**Work to complete:**
The output is the line holding "A collector’s piece!" and all lines after it to the end of the records below; restate them unchanged and add nothing.

- - -

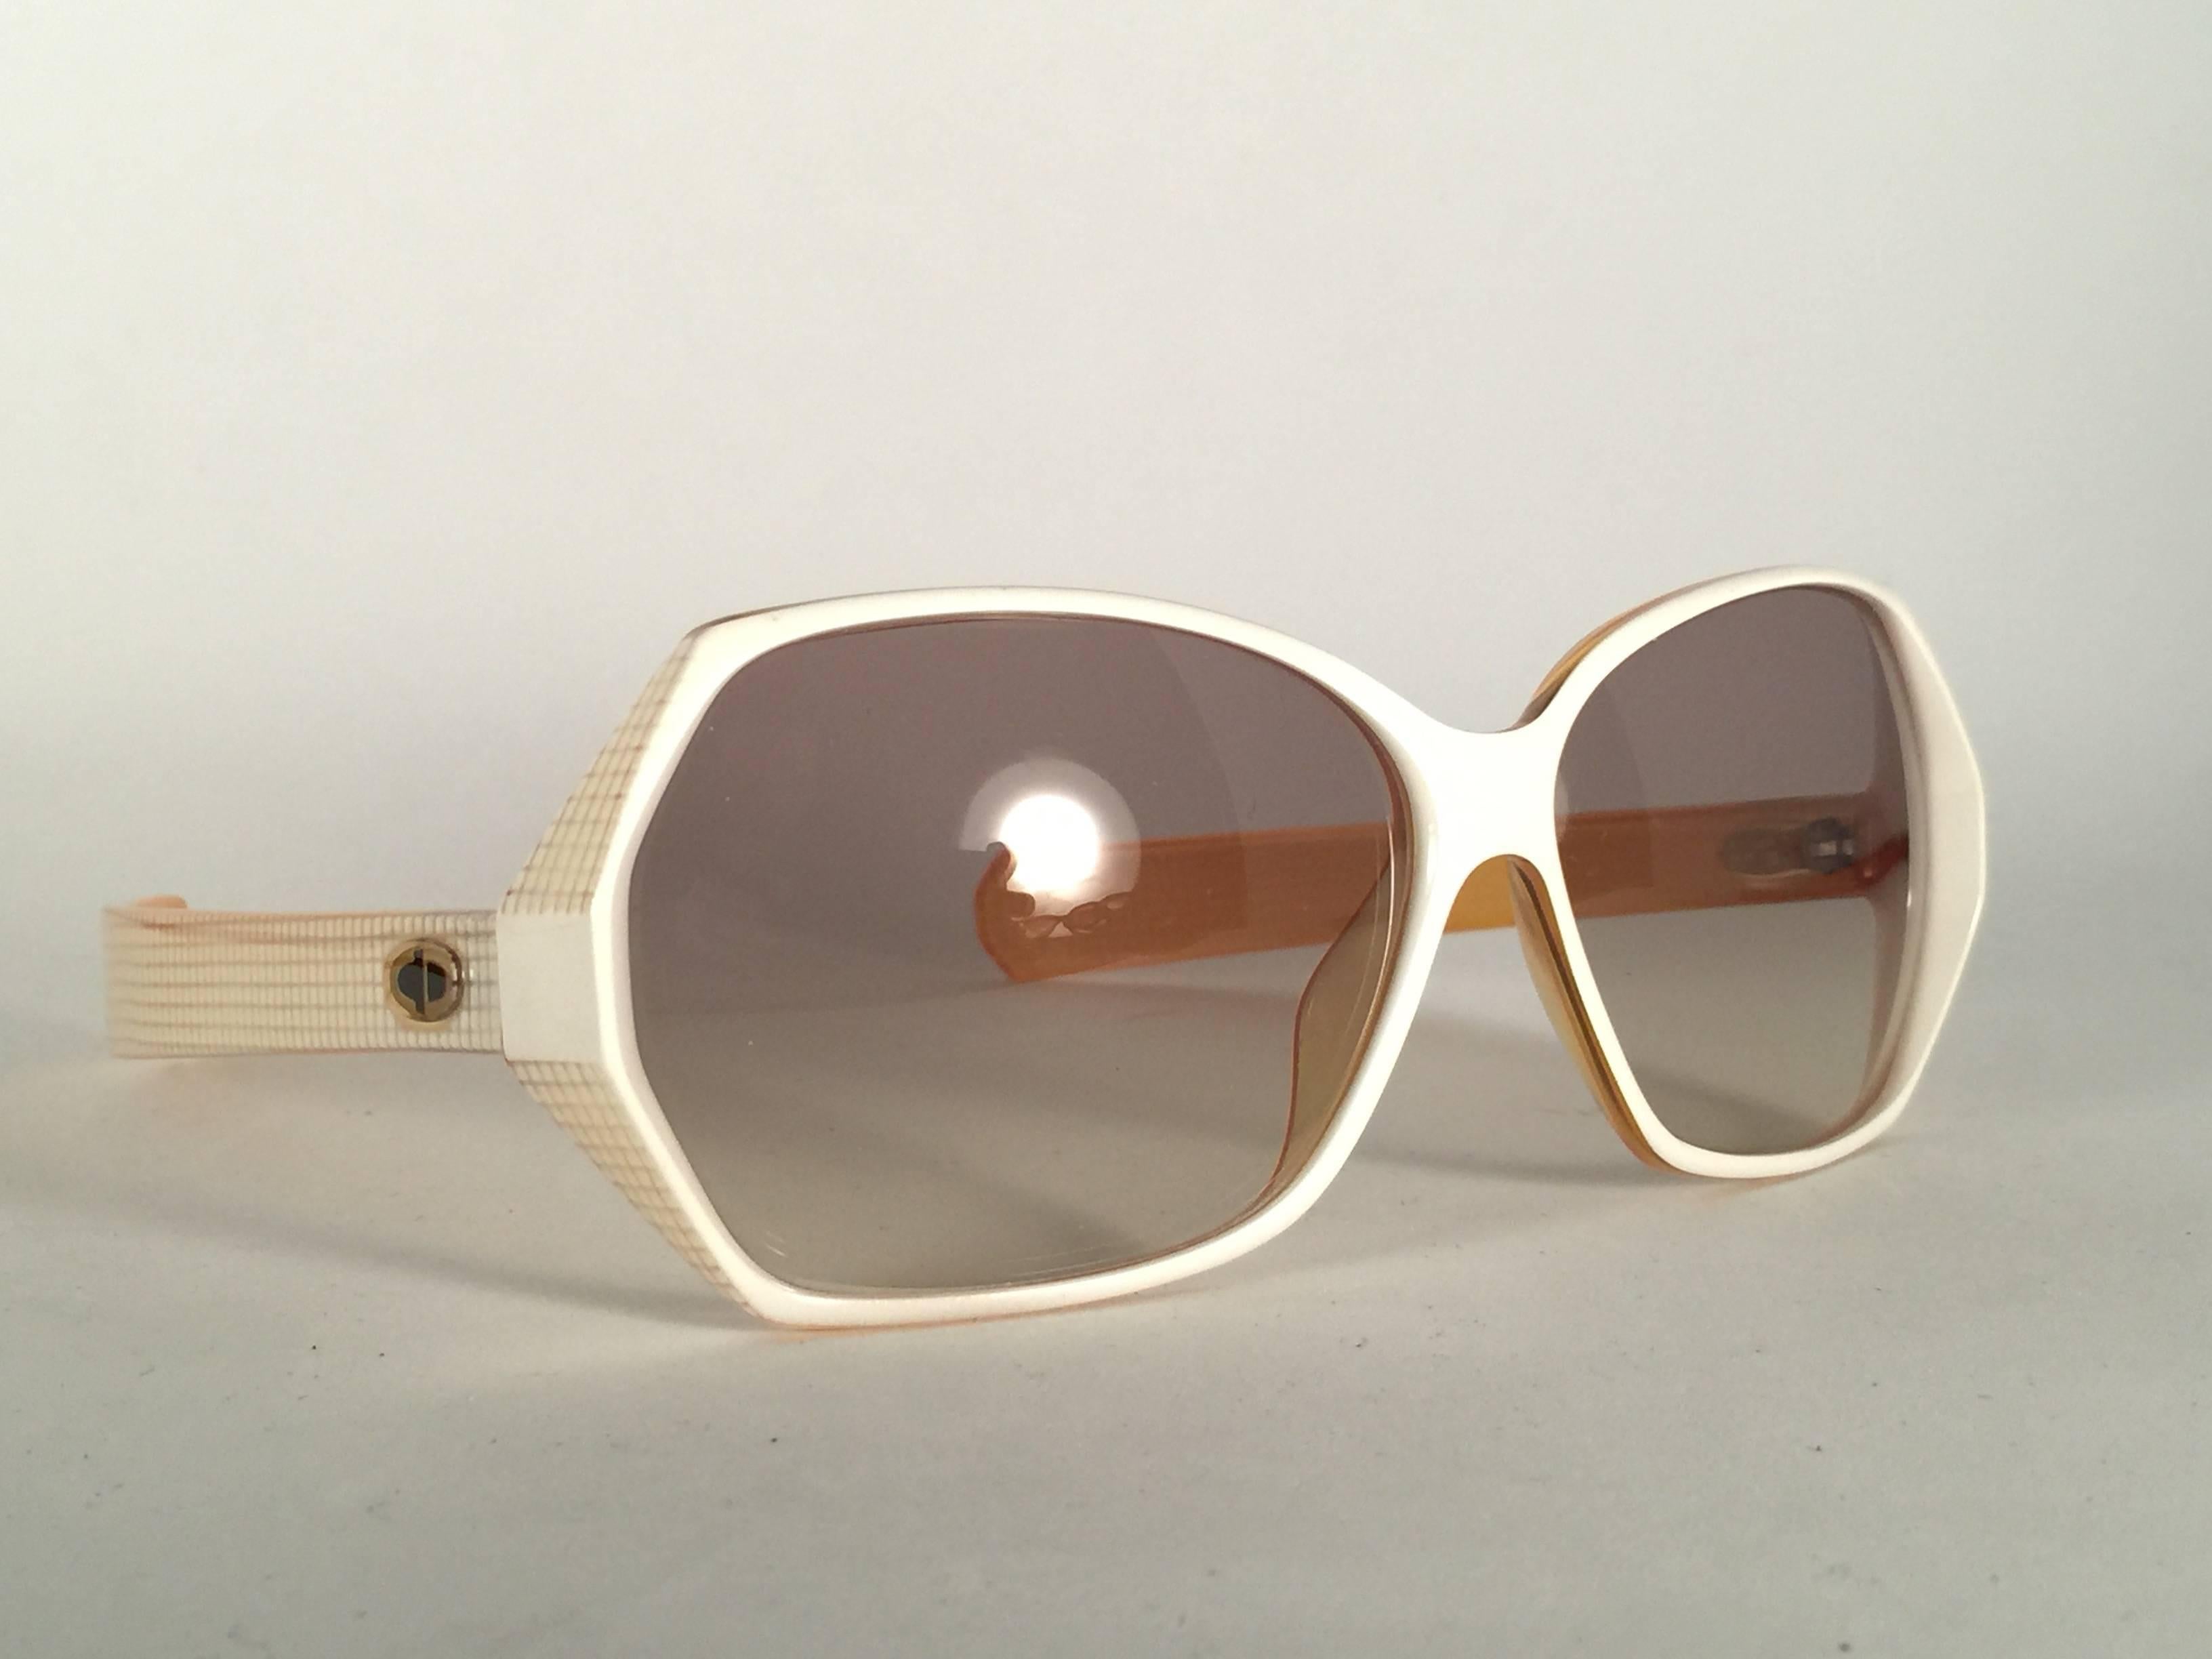 New Vintage Christian Dior 2177 White Origami frame with spotless light brown gradient lenses. 

Made in Germany.
 
Produced and design in 1970's.

A collector’s piece!

New, never worn or displayed. Comes with its original silver Christian Dior

- - -

**Exercise answer:**
A collector’s piece!

New, never worn or displayed. Comes with its original silver Christian Dior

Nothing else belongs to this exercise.